### [About this task]
Every line from the one with "Вытеснение русской тератологии" to the end of the listing below must be printed exactly, with no other text and no pictures.

### [Data supplied]
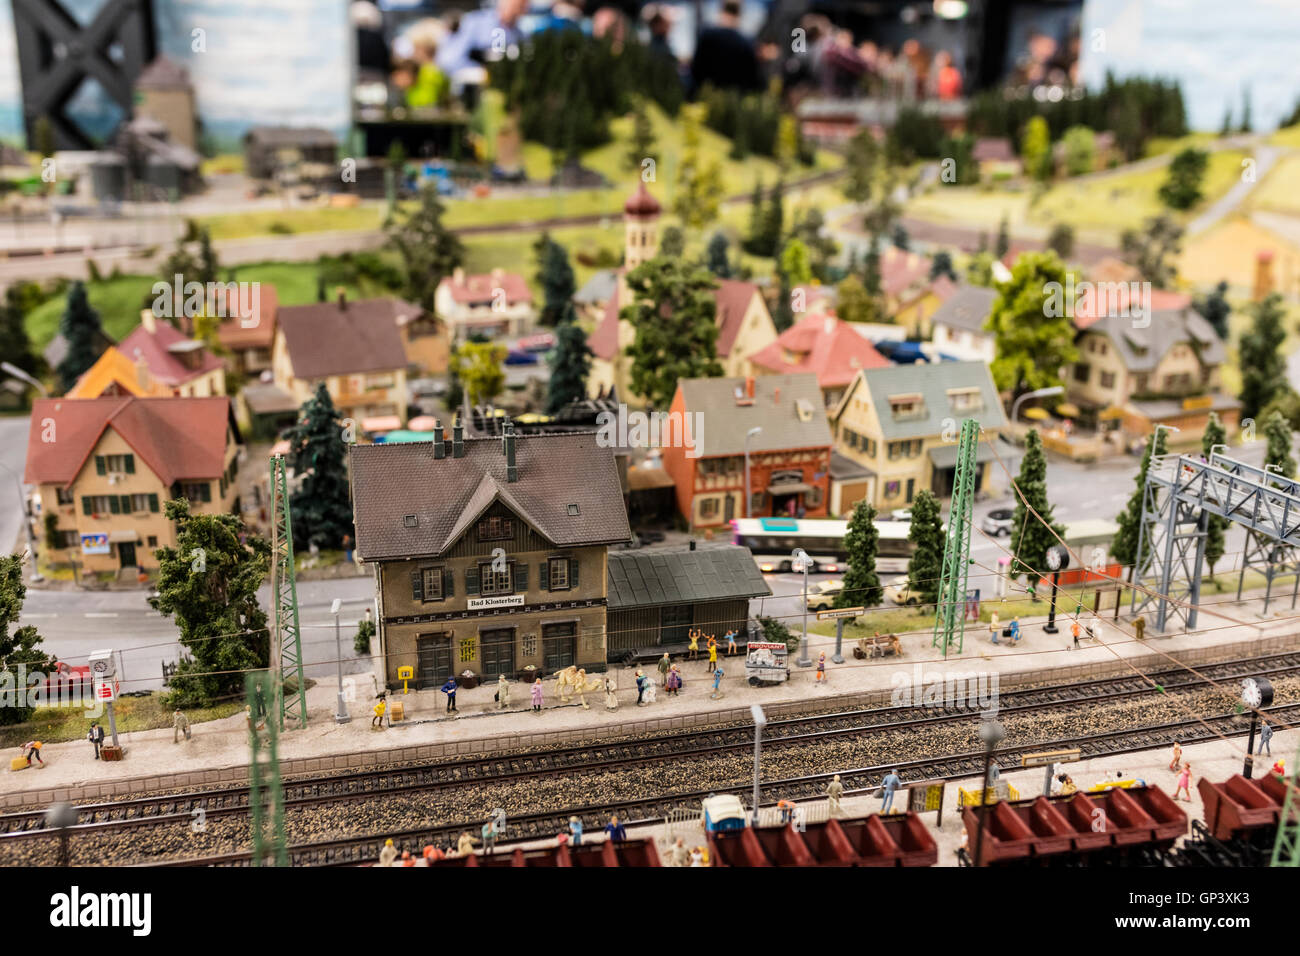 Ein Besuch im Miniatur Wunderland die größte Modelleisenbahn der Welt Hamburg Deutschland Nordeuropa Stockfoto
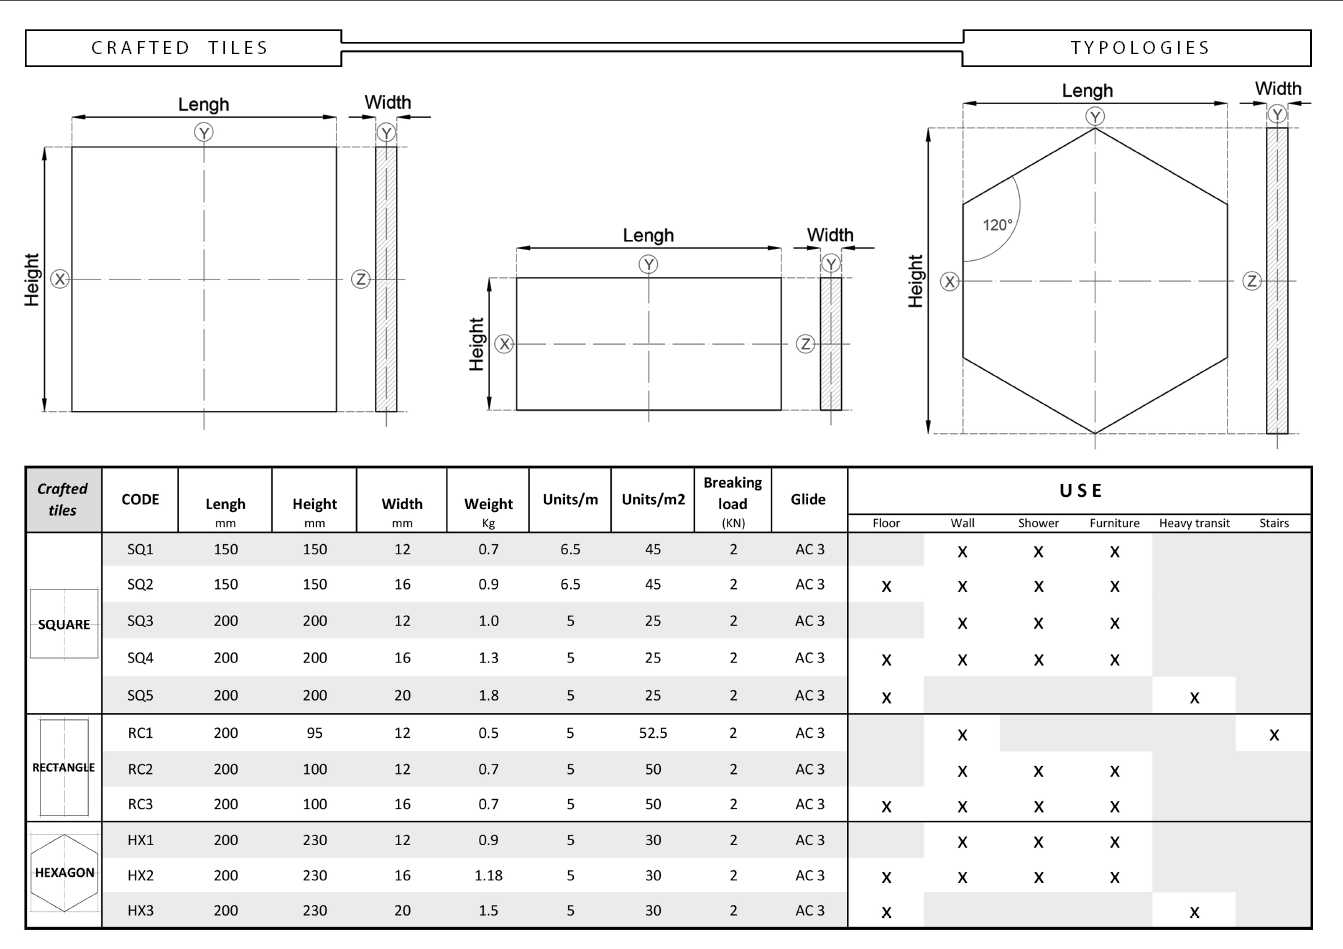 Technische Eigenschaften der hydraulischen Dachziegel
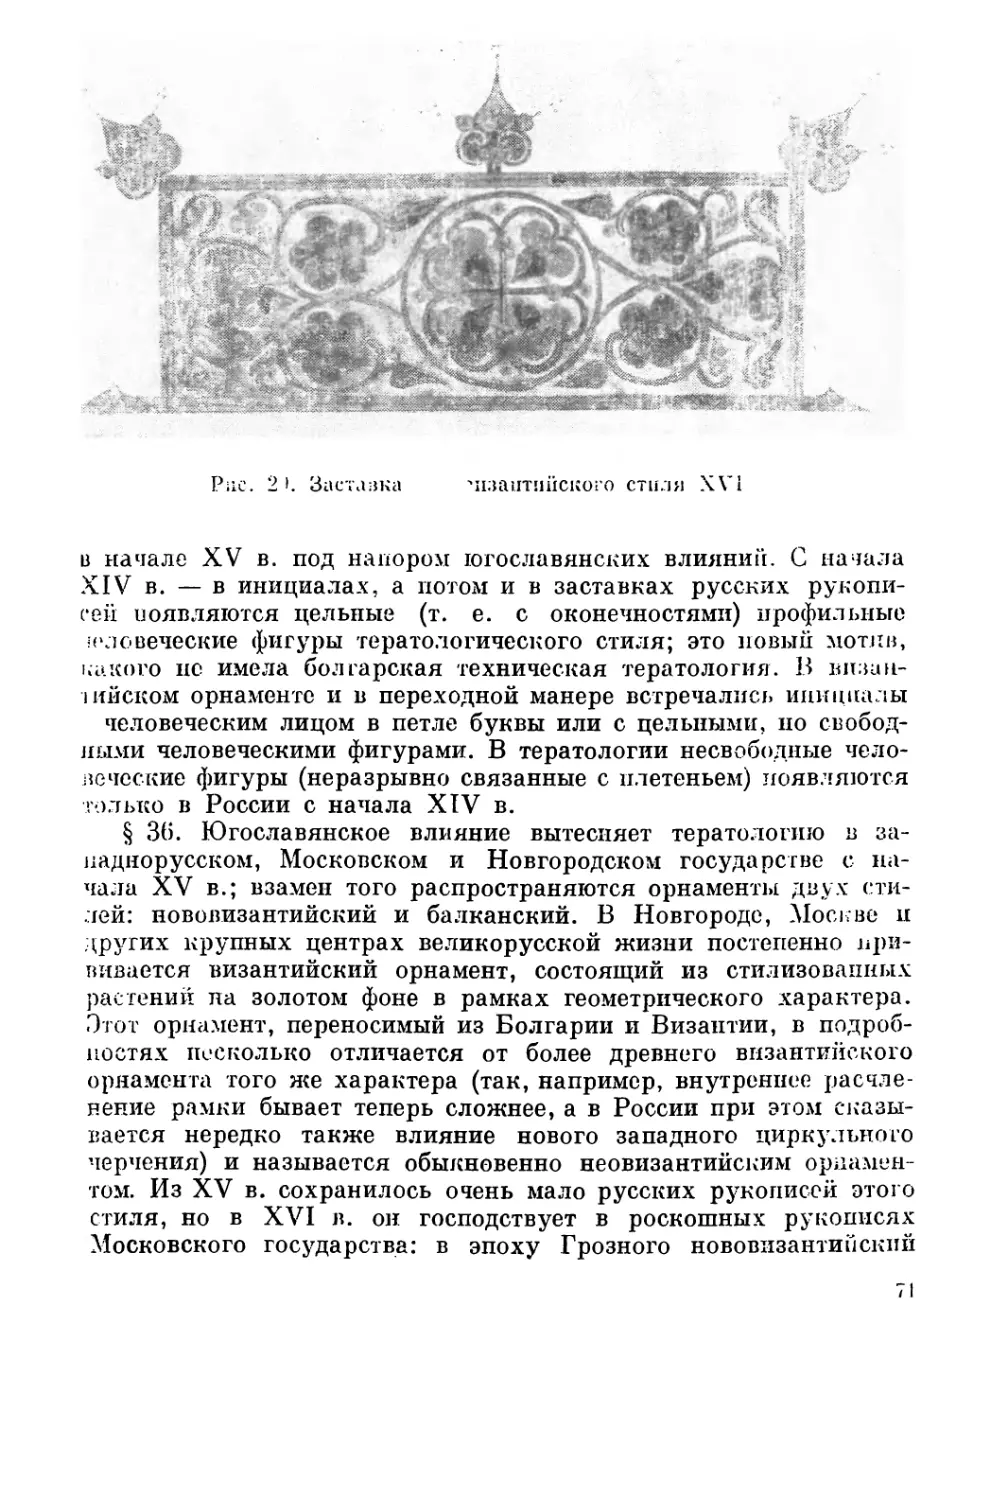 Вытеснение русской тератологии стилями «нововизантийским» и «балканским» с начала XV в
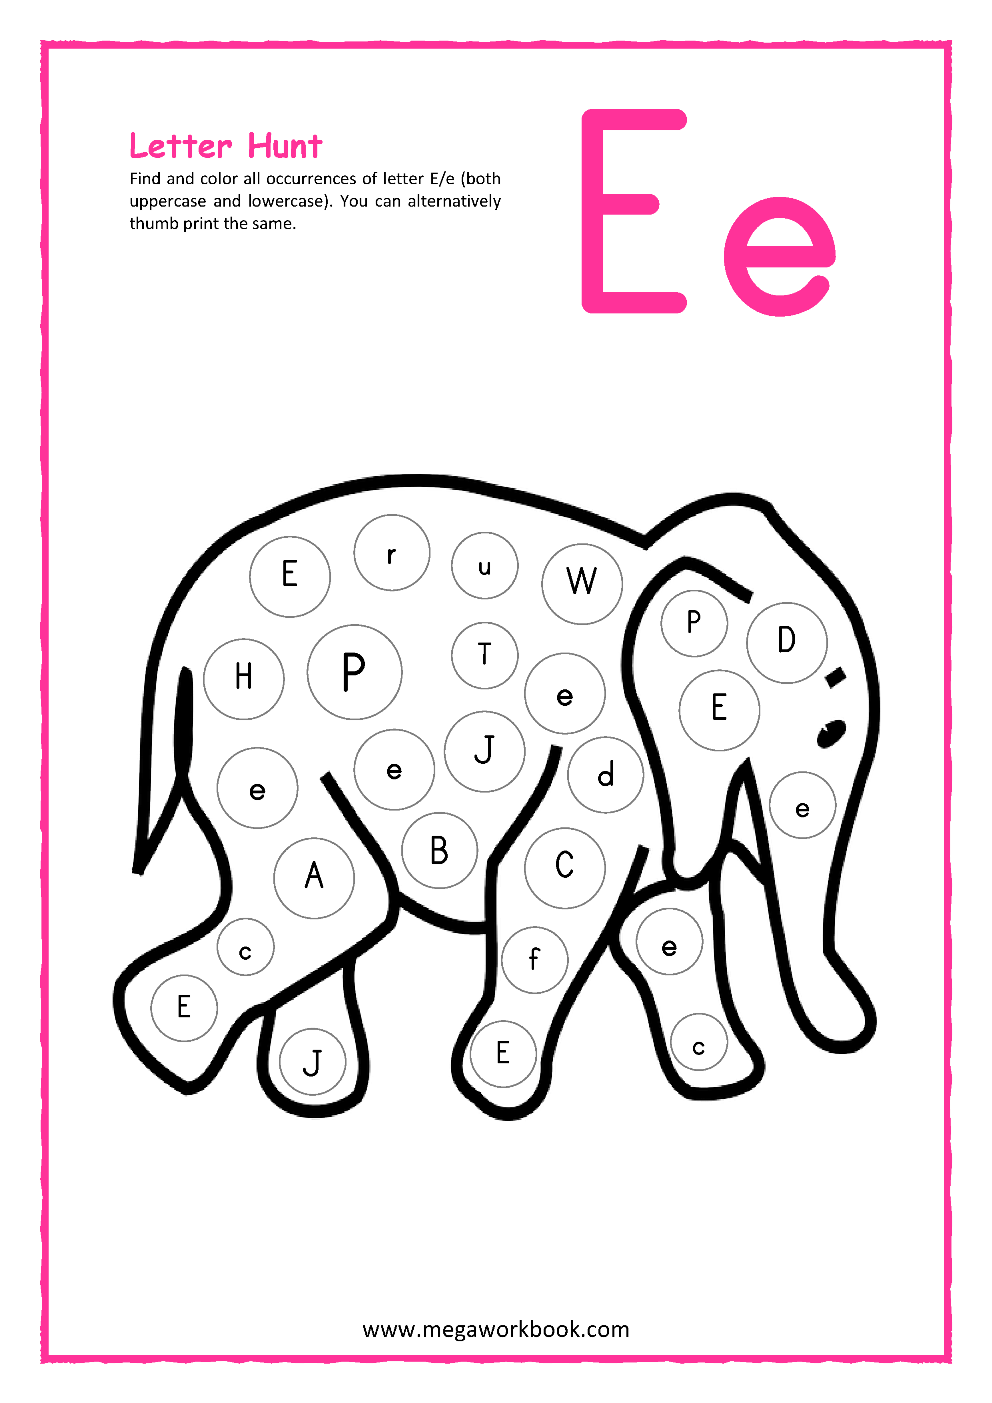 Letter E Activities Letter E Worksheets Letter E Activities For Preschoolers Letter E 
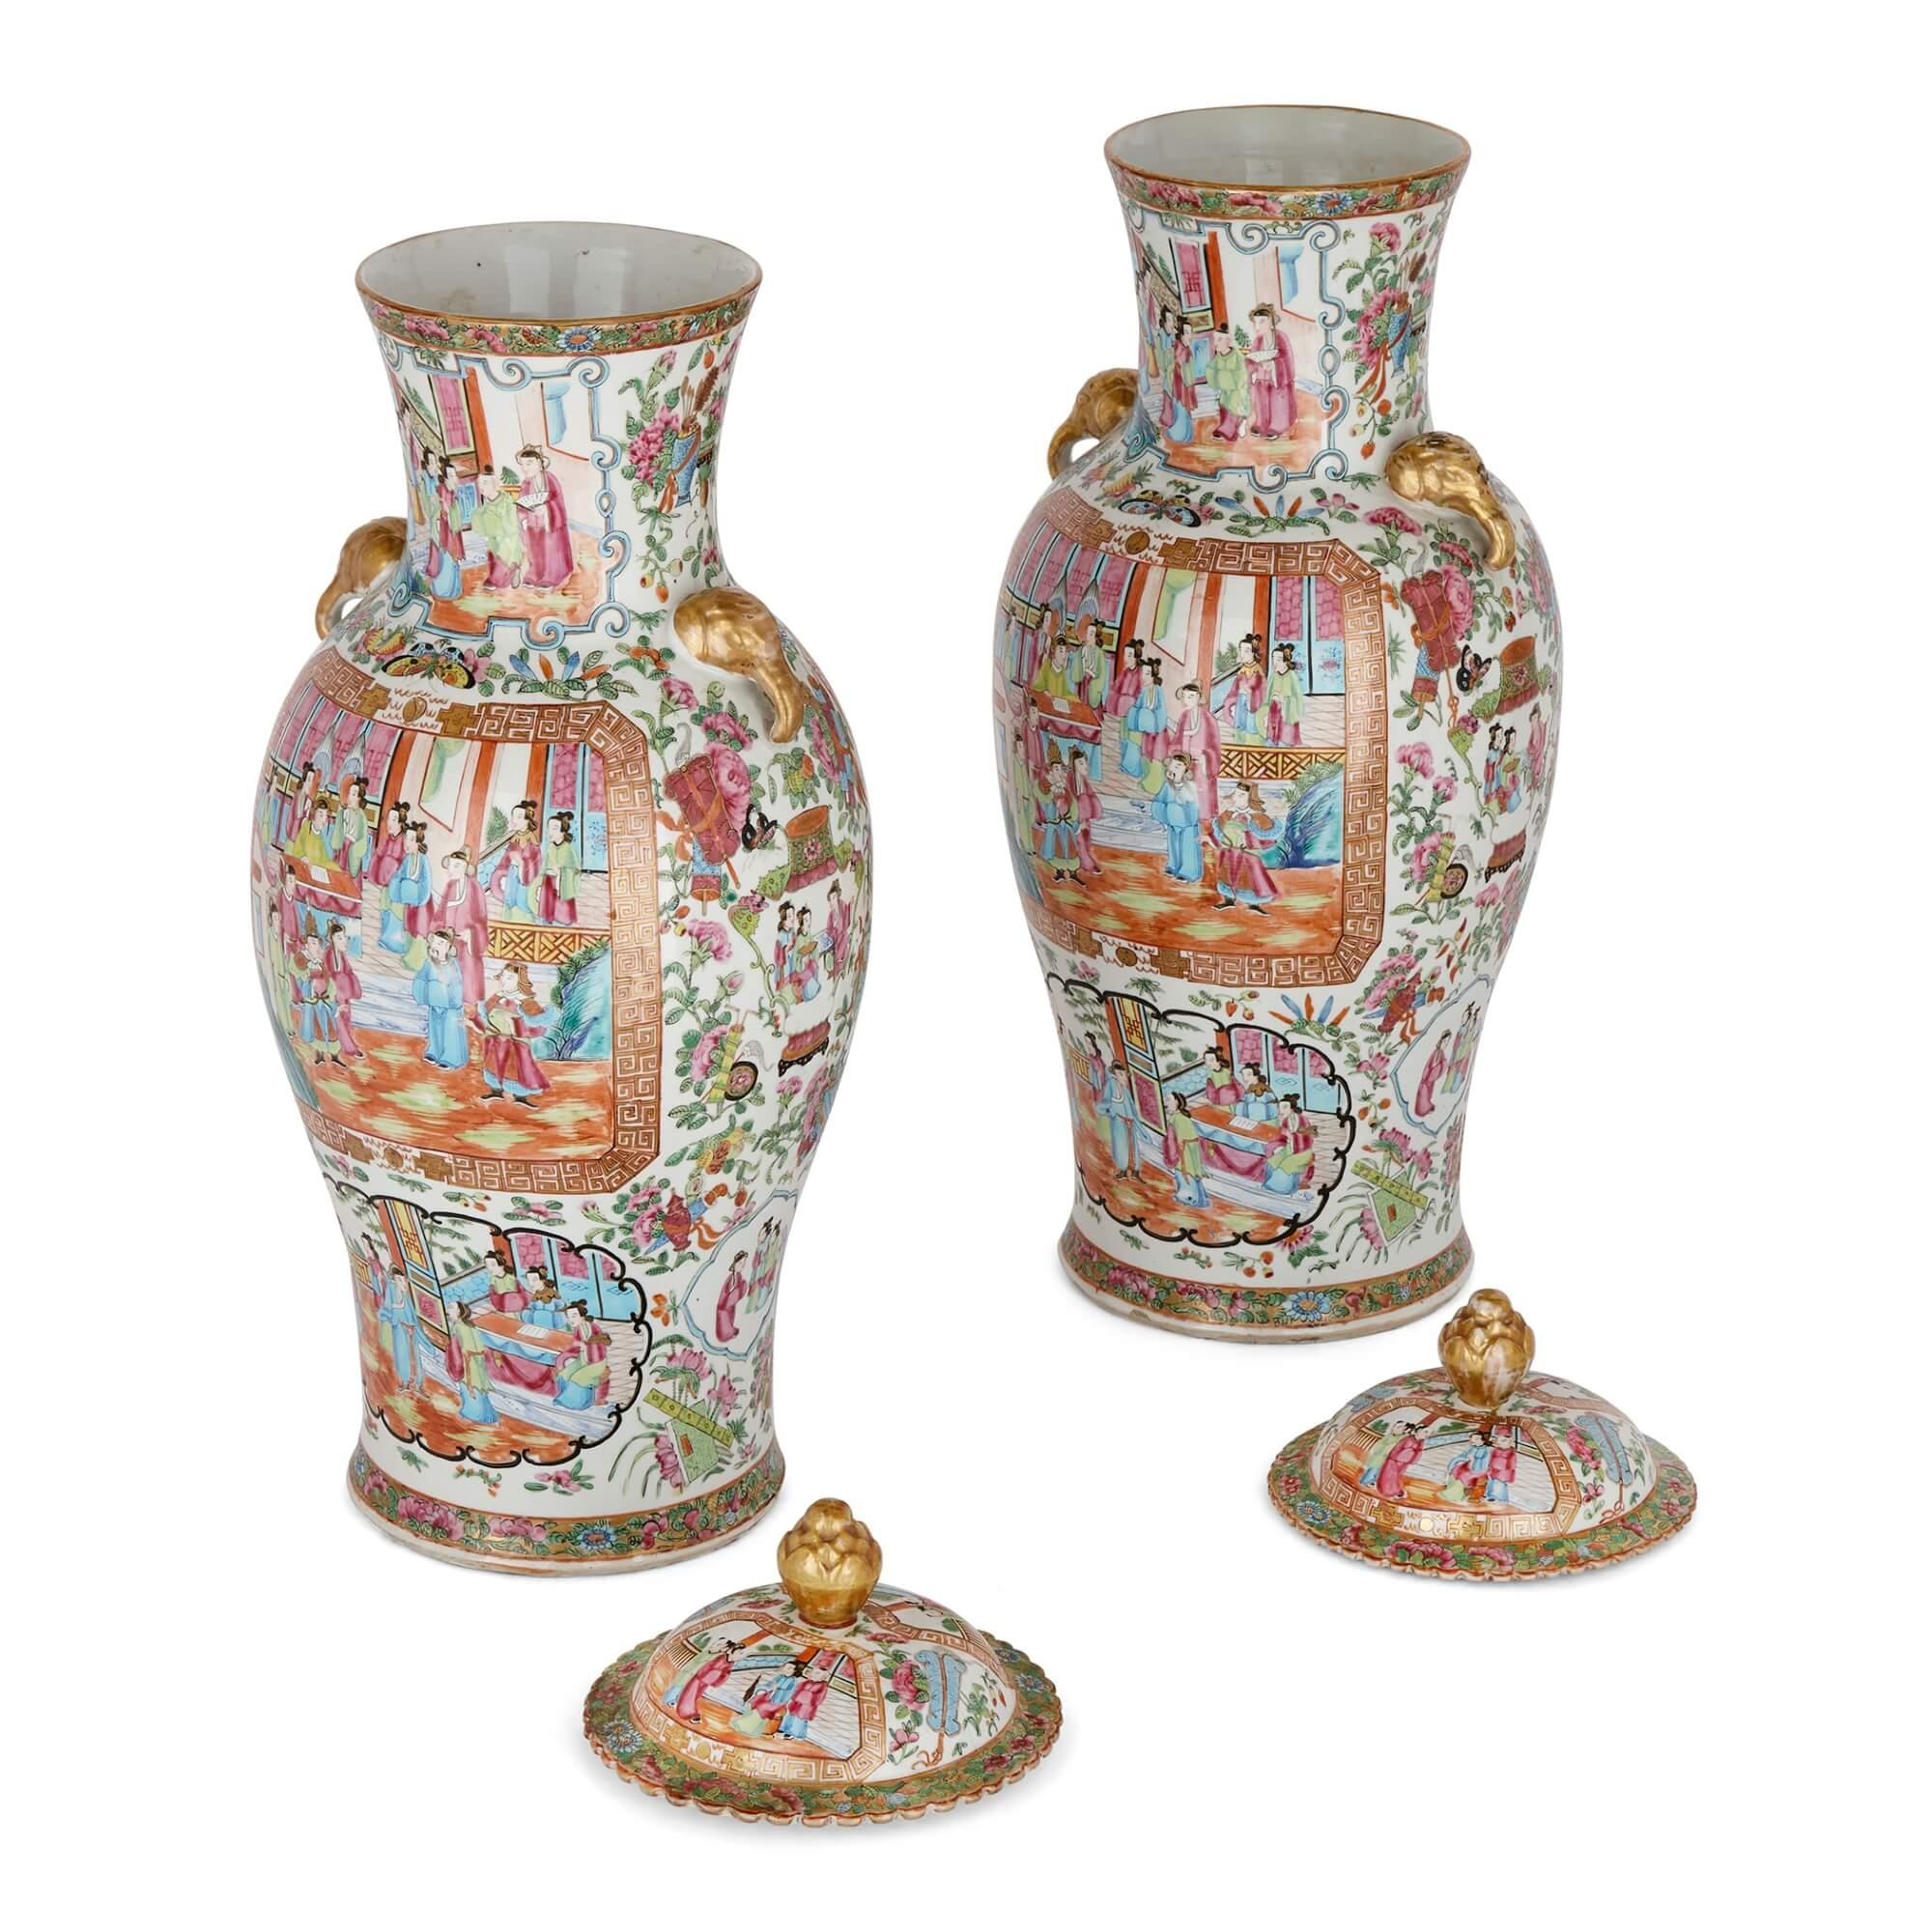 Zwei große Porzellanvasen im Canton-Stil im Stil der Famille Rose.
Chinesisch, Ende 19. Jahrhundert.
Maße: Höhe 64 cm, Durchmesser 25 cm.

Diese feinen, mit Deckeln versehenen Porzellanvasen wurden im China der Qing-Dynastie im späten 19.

### [Output of the exercise]
 Вытеснение русской тератологии стилями «нововизантийским» и «балканским» с начала XV в
 Letter E Activities Letter E Worksheets Letter E Activities For Preschoolers Letter E 
 Zwei große Porzellanvasen im Canton-Stil im Stil der Famille Rose.
Chinesisch, Ende 19. Jahrhundert.
Maße: Höhe 64 cm, Durchmesser 25 cm.

Diese feinen, mit Deckeln versehenen Porzellanvasen wurden im China der Qing-Dynastie im späten 19.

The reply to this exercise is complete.